WHAT TO PRODUCE:
Records follow. Print exactly the lines from the one that has "36 Chamber of Shaolin" through the one that has "SUN OVER THE", inclusive, and omit the pictures.

AVAILABLE RECORDS:
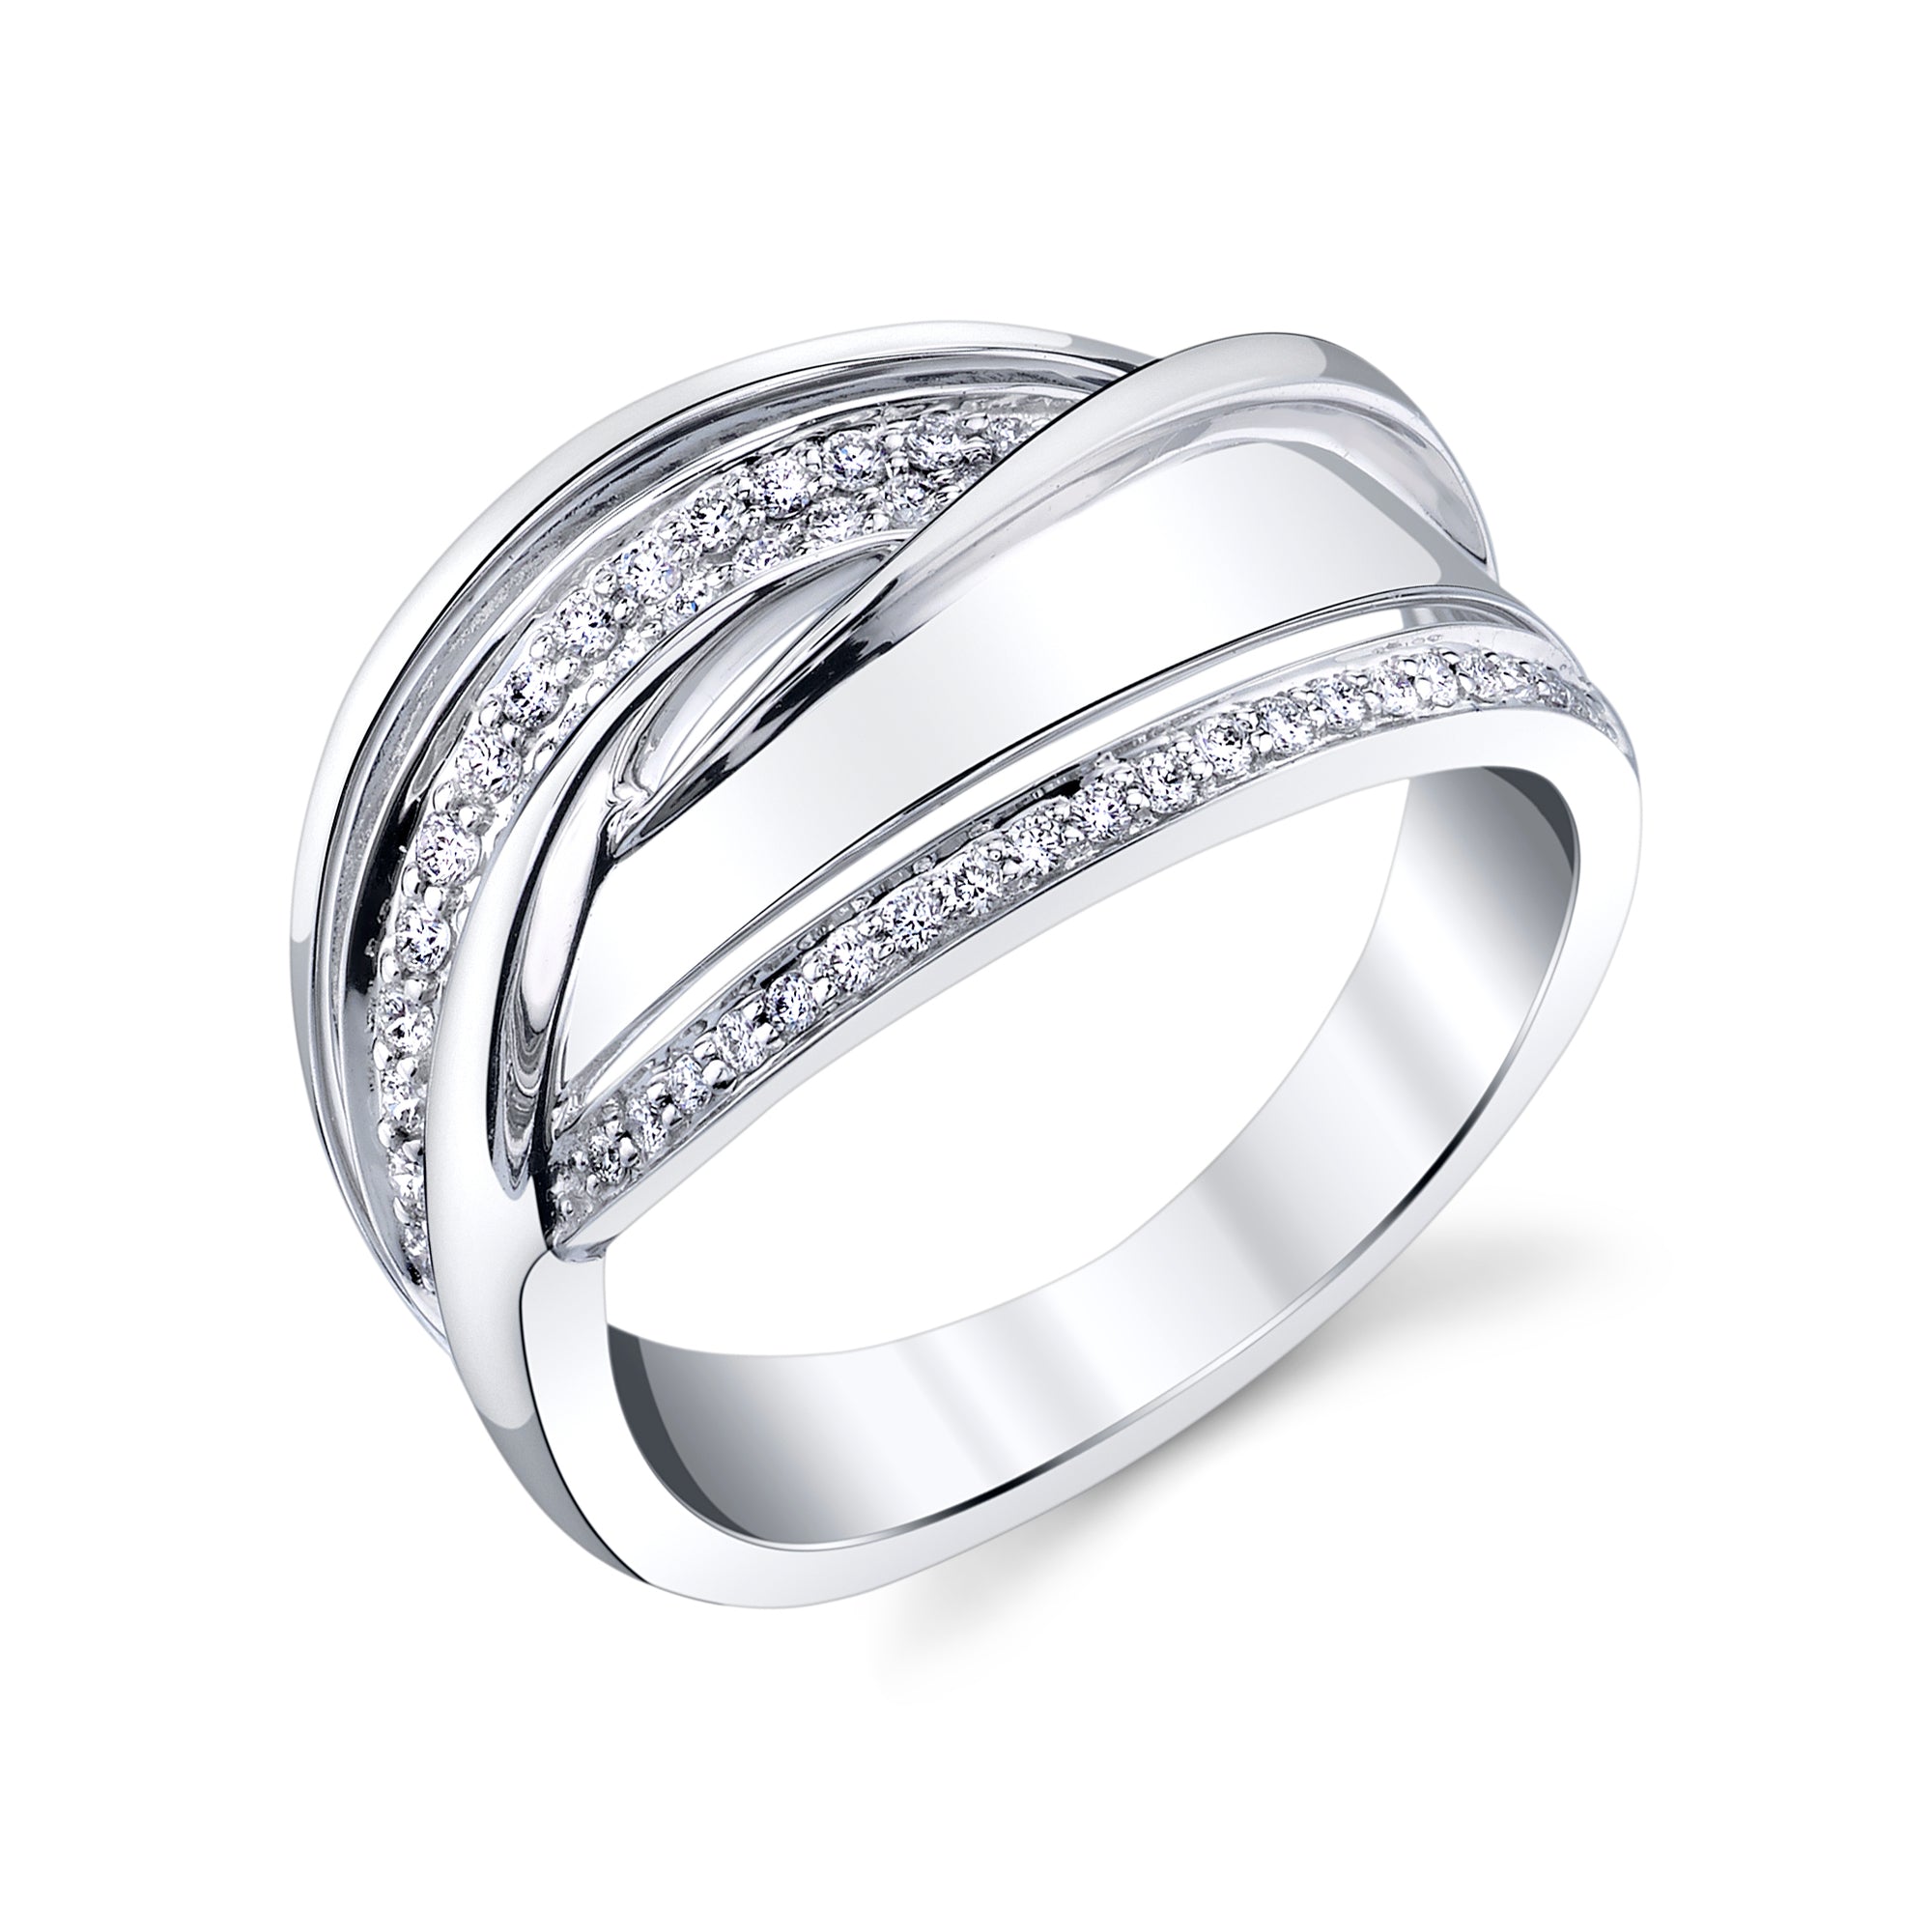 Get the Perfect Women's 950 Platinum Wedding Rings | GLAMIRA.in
--
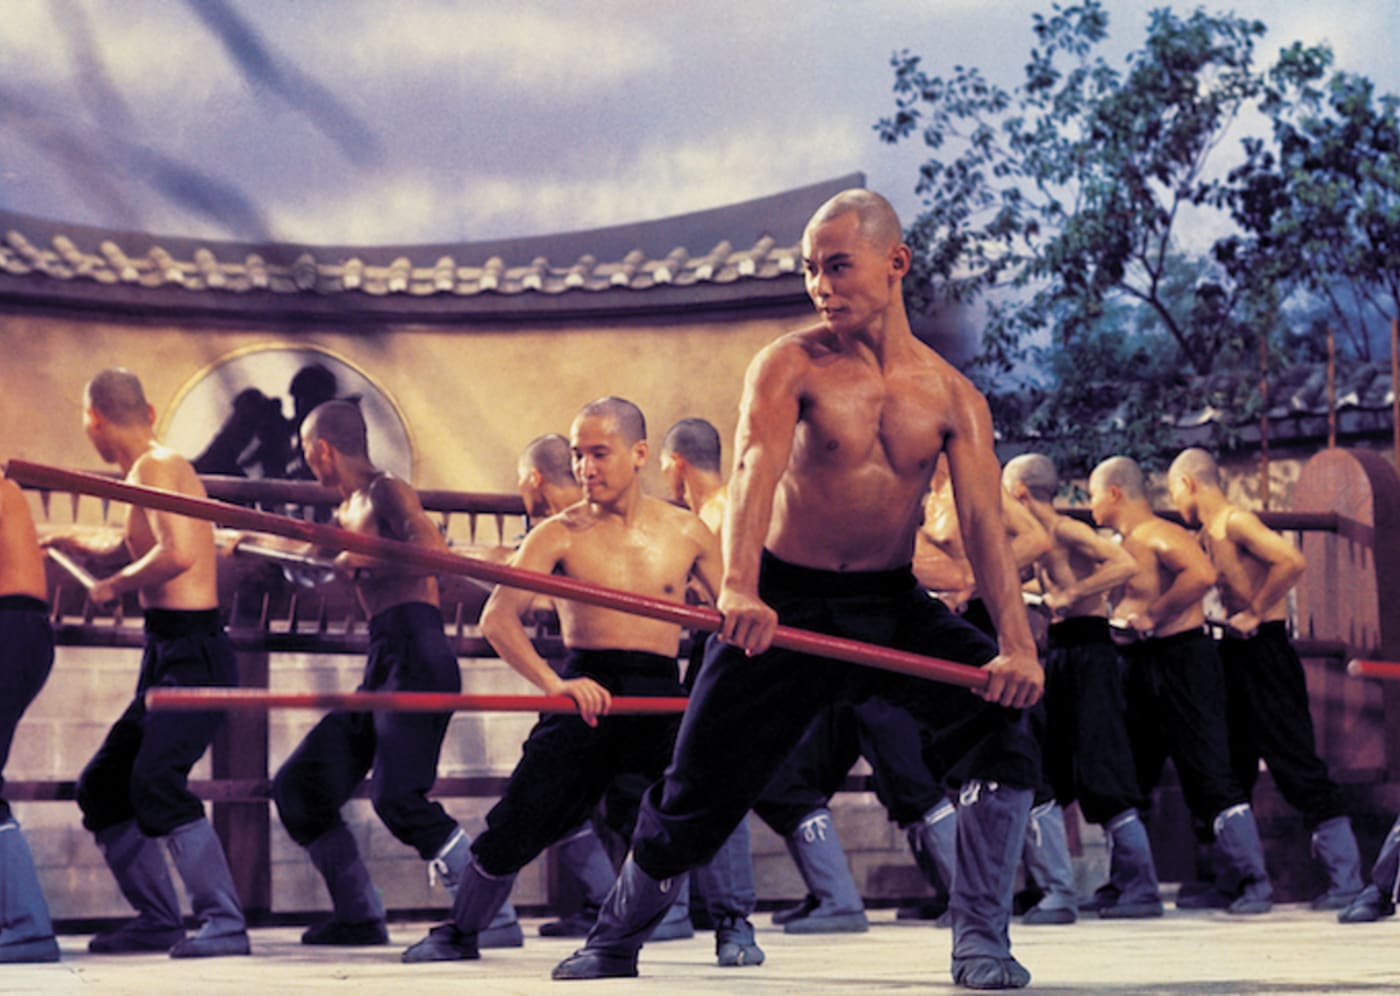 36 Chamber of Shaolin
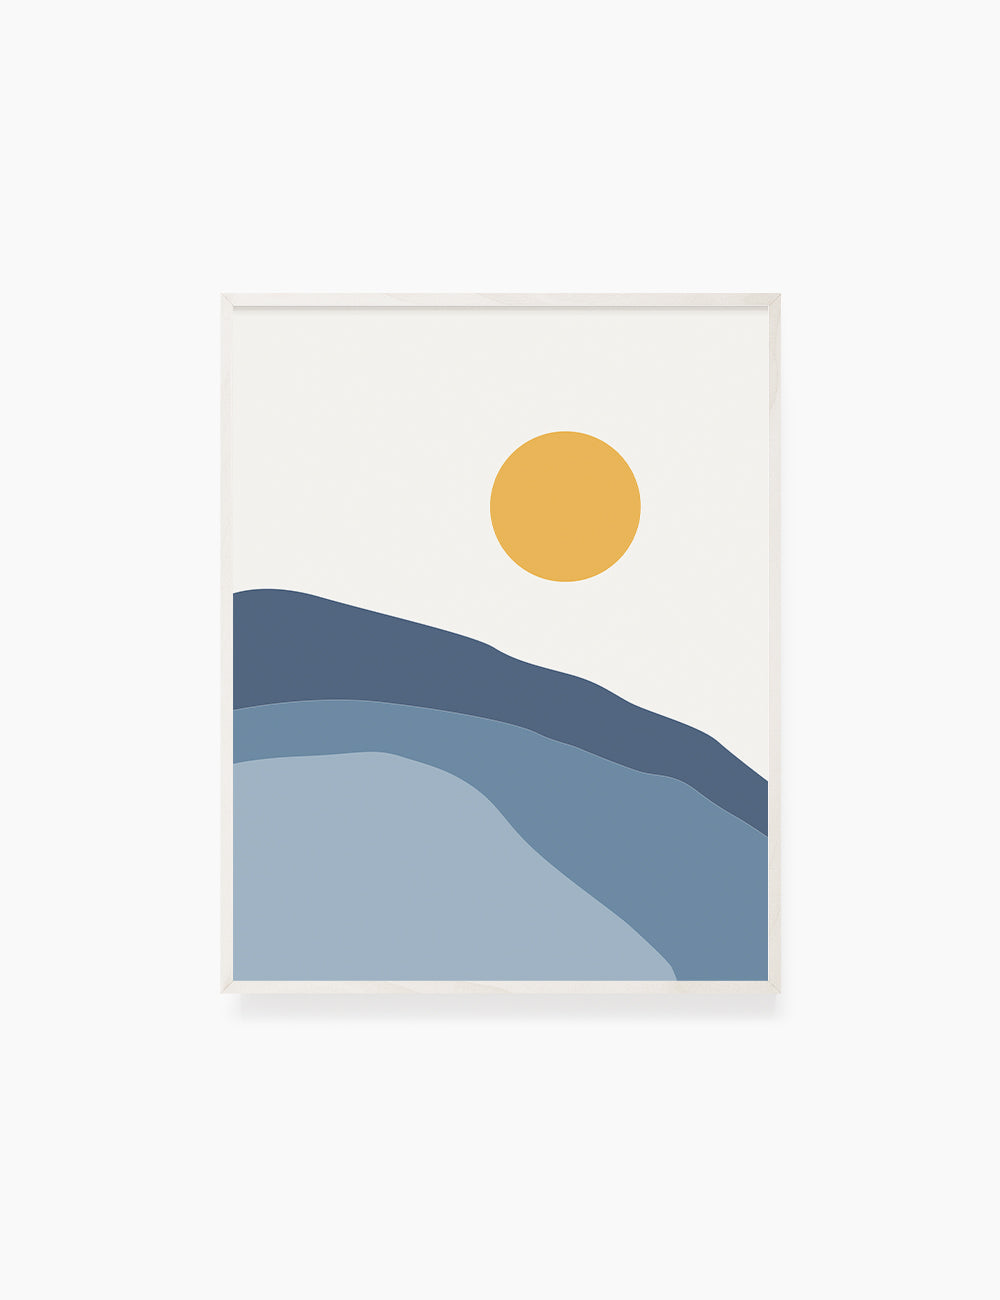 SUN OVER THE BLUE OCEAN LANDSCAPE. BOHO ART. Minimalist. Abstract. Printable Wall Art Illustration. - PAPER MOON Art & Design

RESPONSE:
 36 Chamber of Shaolin
 SUN OVER THE BLUE OCEAN LANDSCAPE. BOHO ART. Minimalist. Abstract. Printable Wall Art Illustration. - PAPER MOON Art & Design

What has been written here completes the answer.